Although climate change is primarily caused by excess greenhouse-gas emissions, there are many links in the chain between economic activities and the real-world effects of planetary warming. Each of these can be addressed in different ways, and all options should at least be on the table.
NEW YORK – There ultimately is no way to stabilize the climate without addressing the fact that humans are emitting far too much carbon-dioxide into the atmosphere, year after year. But cutting emissions is not the only response to the climate crisis, nor was it the one that scientists proposed over half a century ago in the first-ever government report on climate change.

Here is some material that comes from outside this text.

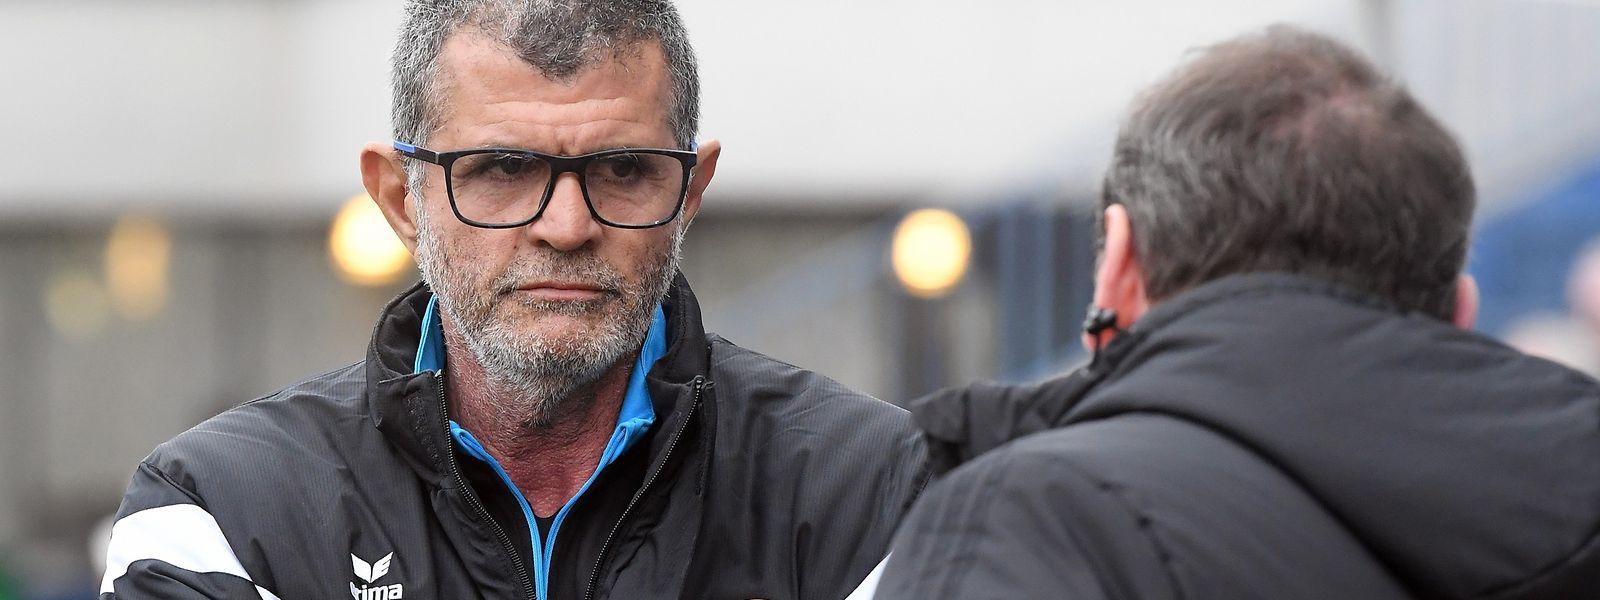 Baltemar Brito ist nicht mehr Coach bei Titus Petingen.
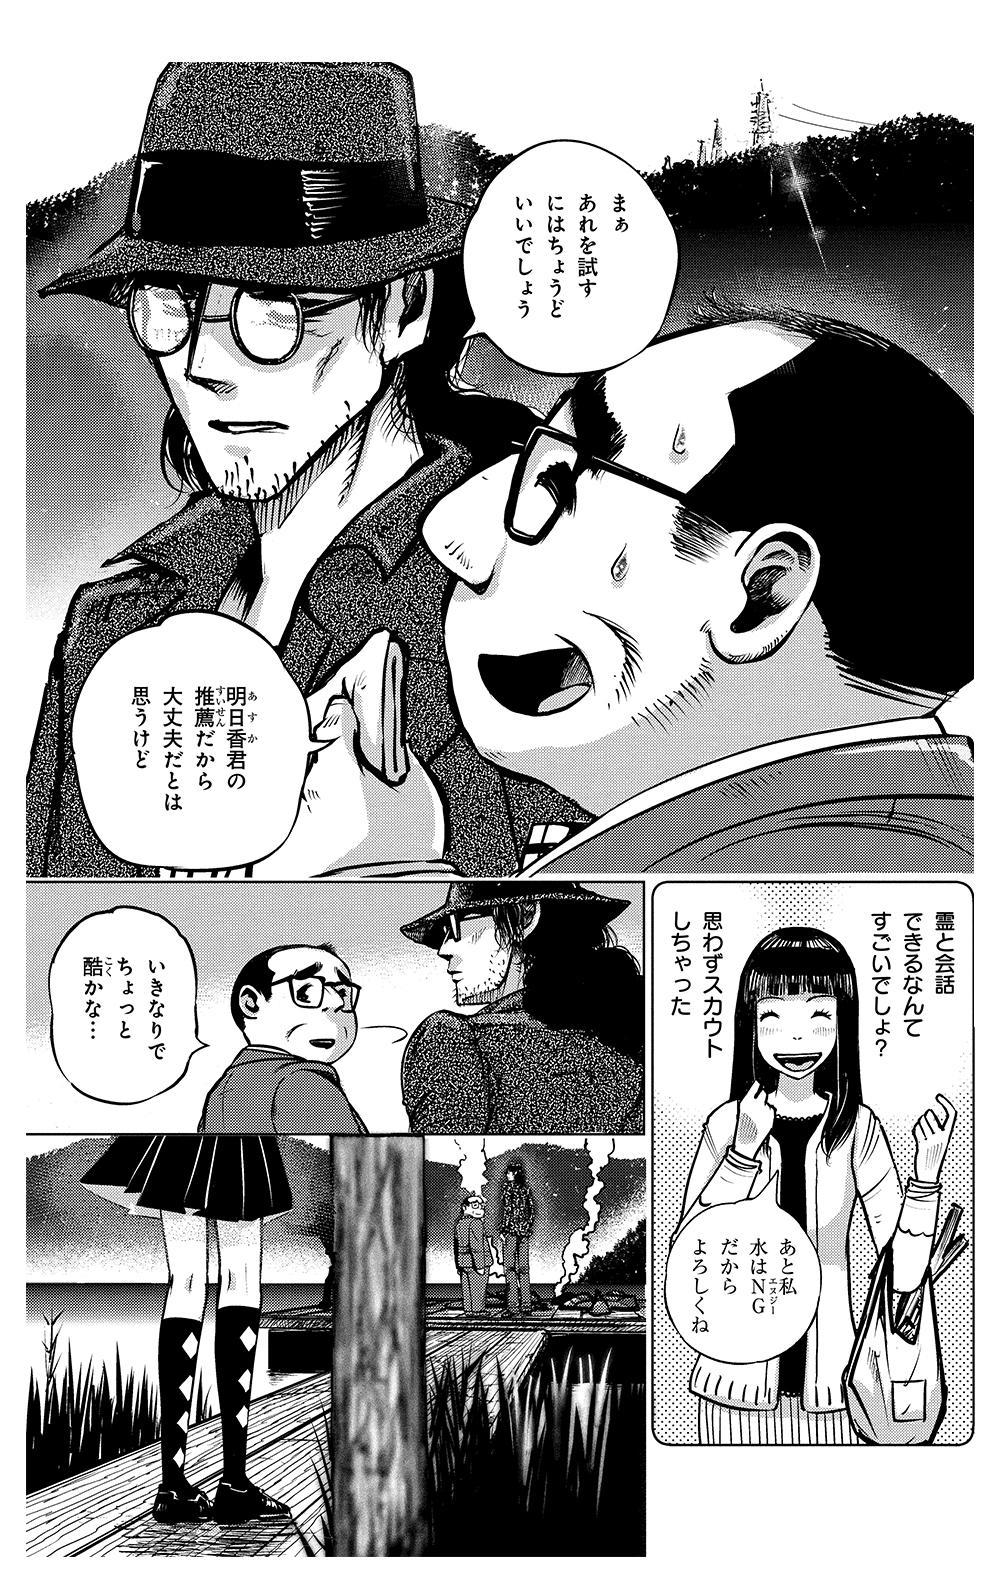 ことなかれ 第3話「革仔玉」①kotonakare01-07.jpg

To address the problem of “Atmospheric Carbon Dioxide,” noted US President Lyndon B. Johnson’s White House Science Advisory Committee, the “solution” could not be to emit less of the stuff, because that apparently seemed unimaginably costly and difficult to do. Instead, the committee suggested that the effects of excessive CO2 in the atmosphere might be mitigated by brightening the world’s oceans to radiate more heat back into space.
Since then, many additional methods of “geoengineering” have been proposed by both scientists and science-fiction authors alike. Some ideas are more realistic than others, and none can substitute for the top-order priority of severing the link between economic activity and CO2 emissions. Nonetheless, emissions represent only the first of many links in the long causal chain from economic activity to climate crisis.